Using a user token in any application (known as a Selfbot), or any automation of your account, may result in account suspension or termination. Our automated system will flag bots it suspects are being used for spam or any other suspicious activity. The bot, as well as the bot owner’s account, may be disabled as a result of our investigation. If your bot’s code is publicly available, please remove your bot’s token from the text to prevent it from being compromised.
Hacking incidents, DDoS attacks
If you believe your account has been compromised through hacking, here are some steps you can take to regain access and protect yourself in the future.
1. Reset your password.
- Choose a long password with a mix of uppercase letters, lowercase letters, and special characters that is hard to guess and isn’t used for anything else. We recommend using a password manager which can make creating and storing secure passwords extremely easy.
- If your account’s token has been compromised, reset your password to generate a new token. You should never give your account password or token to anyone. Discord will never ask for this information.
Two-factor authentication (2FA) strengthens your account to protect against intruders by requiring you to provide a second form of confirmation that you are the rightful account owner. Here’s how to set up 2FA on your Discord account. If for some reason you’re having trouble logging in with 2FA, here’s our help article.
3. DDoS (Distributed Denial of Service) attacks
A distributed denial of service (DDoS) attack floods an IP address with useless requests, resulting in the attacked modem or router no longer being able to successfully connect to the internet. If you believe your IP address has been targeted in a DDoS attack, here are some steps you can take:
- Reset your router via its manufacturer instructions.
- Unplug your modem for 5-10 minutes and then plug it back in. This can cycle your IP address to a new one.
- Contact your internet service provider (ISP) for assistance. Your ISP might also be able to tell you where the attack came from. Please note that Discord does not have this information.
- Please note: Discord never shares your IP address with other users. Bad actors might send malicious links such as IP grabbers or other scams in an attempt to get your IP address. Never click on unfamiliar links and be wary about sharing your IP address with anyone.
Discord Nitro is a paid service for a better Discord experience with lots of extra benefits. Scammers contact you on Discord, claiming that they’ve got an extra Discord Nitro account and that you can claim it via an attached link.
In some cases, scammers will ask you to link your Steam account to claim the “free Nitro.” Again, you will end up losing your Steam account. Don’t fall for it!
how to protect yourself:
- Double-check the link/URL; the domain of legitimate Discord pages should end in discord.com
- NEVER click links or attachments from unknown sources.

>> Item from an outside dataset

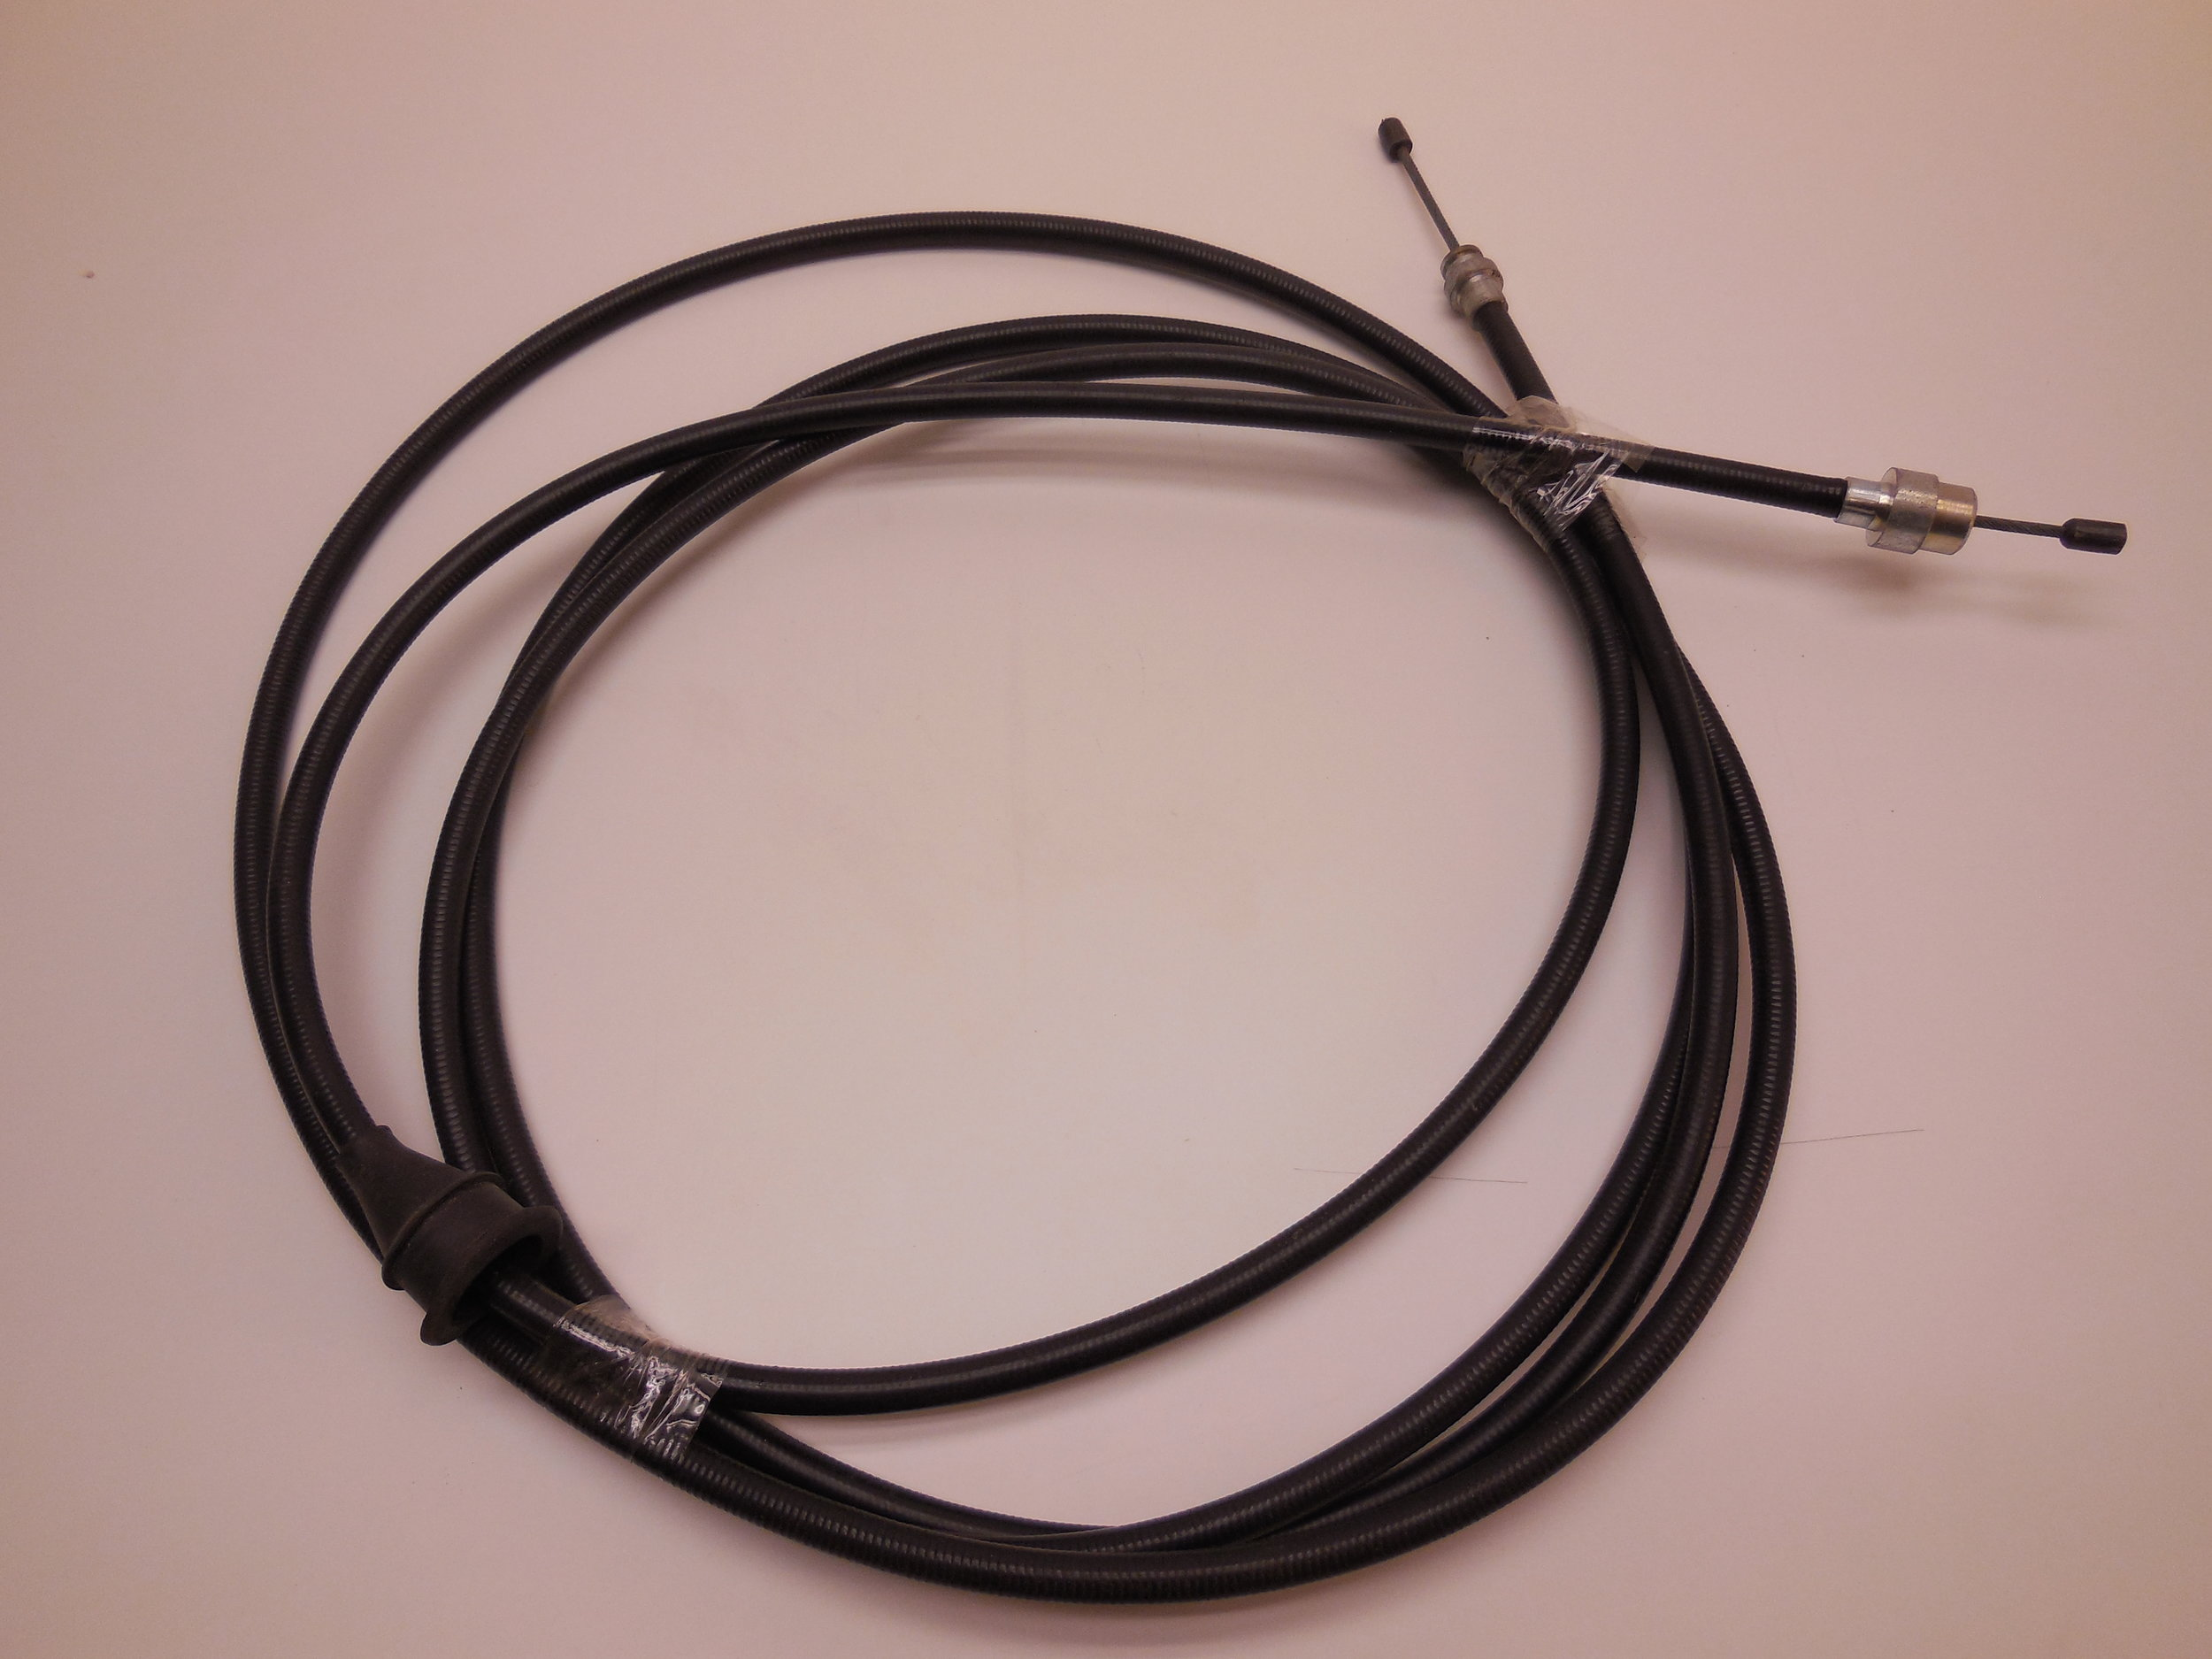 parking Brake wire (softtop) Häggo Nr: 353 6049-802 price: 3900 SEK

How Bitcoin Giveaway Scams Work?
Scammers pretend to be from legitimate companies such as KFC, reaching out to users on Discord. They claim to be holding a giveaway campaign, trying to persuade you to click on a link to get Bitcoins as a reward. Scammers use different excuses, but the tactics of Discord cryptocurrency scams are similar. Be careful when they ask you to:
- Register on a scam website.
- Enter promo codes.
- Verify accounts.
- Withdraw awards.
Once you click on the phishing link they provide, you will be taken to a website and asked to enter personal information, such as passwords, credit card numbers, or bank account details. In worse situations, malware will start to download as soon as the link is clicked.
Here are some screenshots of Bitcoin giveaway scams:
How to avoid Bitcoin Scams on Discord?
- Random messages that you can claim rewards for free are a major red flag. Something is fishy if it appears to be too good to be true.
- Report the scam to Discord officials.